私は男女ともに人脈が広く、いろいろなことに首を突っ込む。だから、様々な人と関わるし、老若男女問わず連れ歩くことも多い。
例にもれず、今回も私が目を引くことがあっても、諸星君に注目が集まることはない。
「入院生活どうだった? やっぱり退屈?」
「……そうだね。スマホいじるか、勉強するくらいしかやることなかったよ。でもおかげで結構捗った。片岡先生と平田さんがお見舞いに来てくれてね、各教科二カ月で大体どこまで進むか教えてくれたんだ。教科書と問題集はその範囲に追い付いているよ」
「あはは、勉強の方は一安心だね。誰かに教えてもらってたの?」
「……いや、一人だよ。独学さ」
はい、また一つ嘘をついたわね。結城さんが勉強の面倒も見ていることは知っている。
まぁ、思春期の男子なら学校でも一、二を争う美少女につきっきりで面倒見られるというシチュエーションを言いふらしたくないのかもしれないわね。もちろん自慢したがる人もいるだろうけども。

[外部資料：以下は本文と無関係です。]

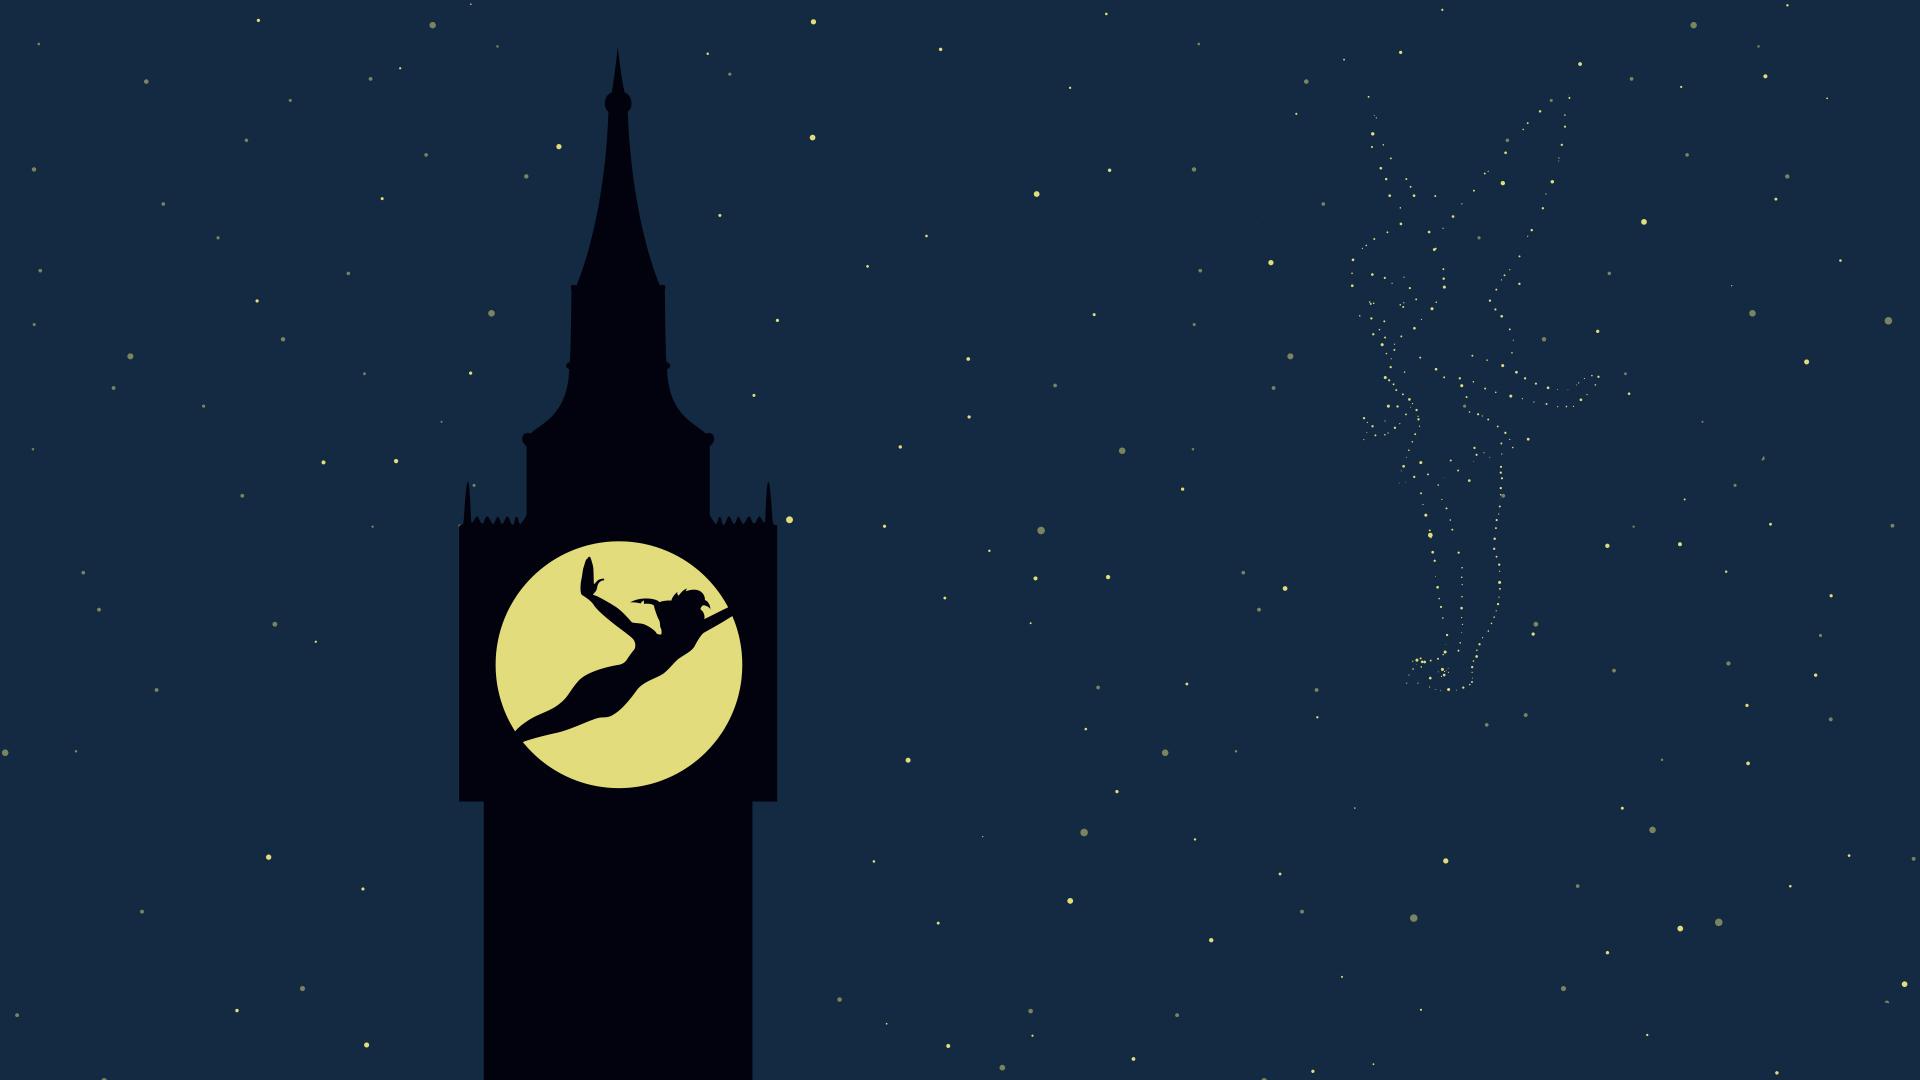 London Iphone X Wallpaper Peter Pan Night Stars Tinkerbell Disney Hd Wallpaper
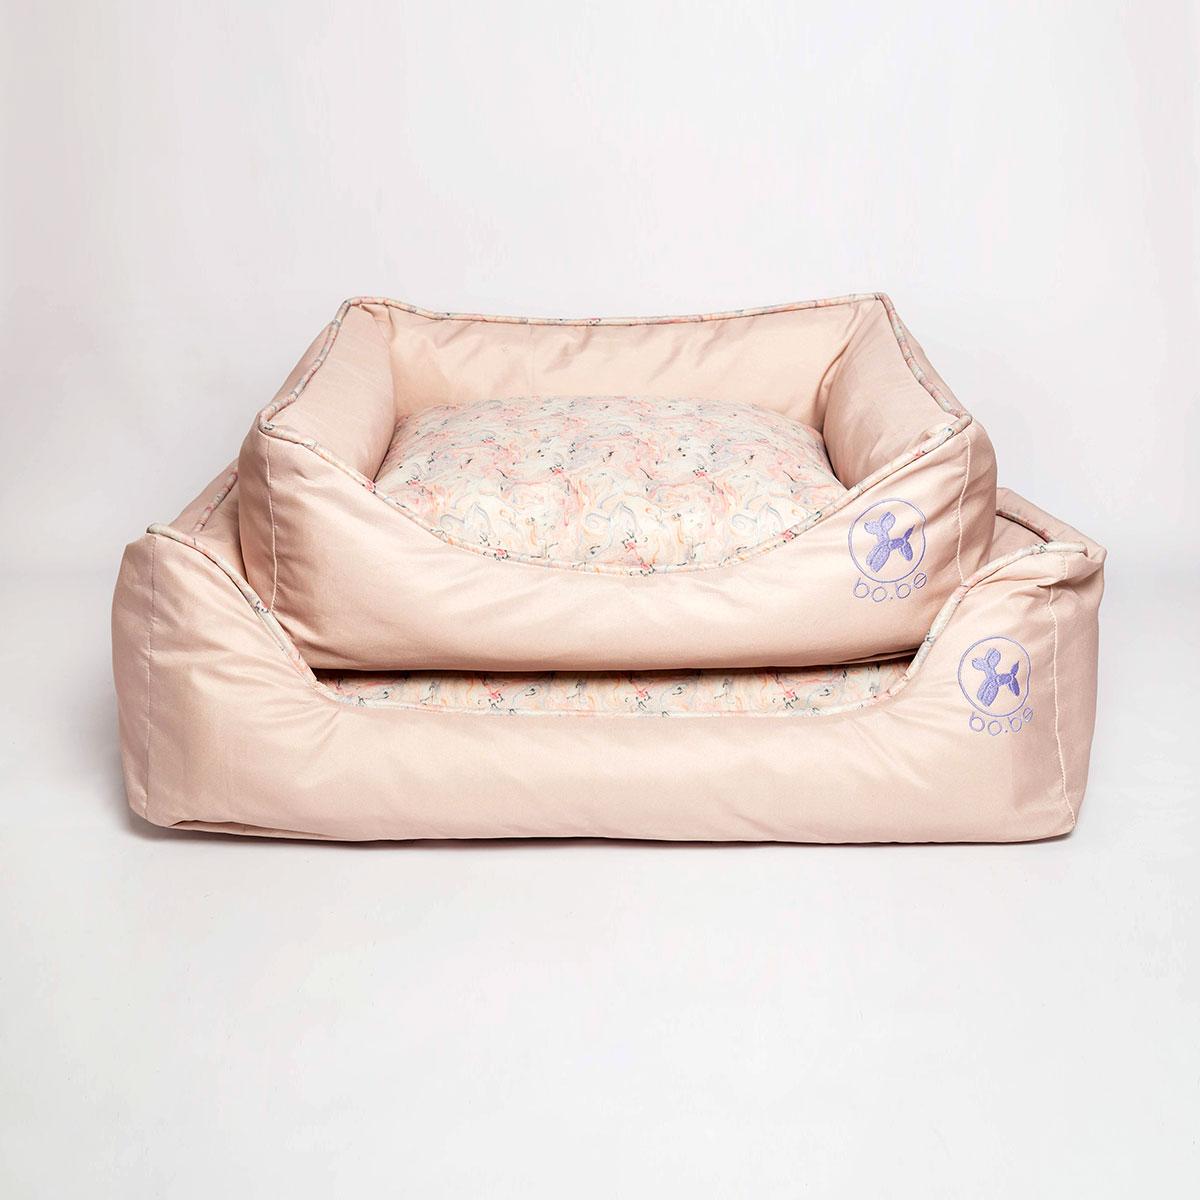 Cama Retangular Bo.be Marble Pink

ちなみに私が事故に居合わせたことを諸星君は知らない。結城さんにも伝えなくていいと言ってある。そもそも私、大したことはしてないからね。
「やるねー。諸星君、成績はいい方だっけ?」
「ぼちぼちかな。暗記科目は比較的得意だけど、国語がどうもなぁ。古文とか漢文って将来役に立つの? って思っちゃってあまりやる気がしなくてさ。正直捨ててる。阿澄崎さんはどれもばっちりなんだろう? クラスで一位だっけ? すごいよなぁほんと」
「そんなことないよー。学年だと一位を取ったことないし、まだまだ頑張らないと」
他愛もない会話をしつつ、校長室へと辿り着く。諸星君はそれじゃあと言ってドアノブをガチャリと回すが――
「あれ、鍵がかかってる」
「本当だ。もしかしたら屋上で一服してるのかも。行ってみよっか」
屋上につながる階段のドアノブを開けると、涼しい風が入る。その爽やかな風に似つかわず、階段の道中はじめっとしていた。
何も知らずに黙って階段を上る諸星君を、彼女のいる屋上に誘う。
階段を登り切った先にあるドアを開け放ち、清涼感のある風が吹く屋外へ、諸星君は踏み入った。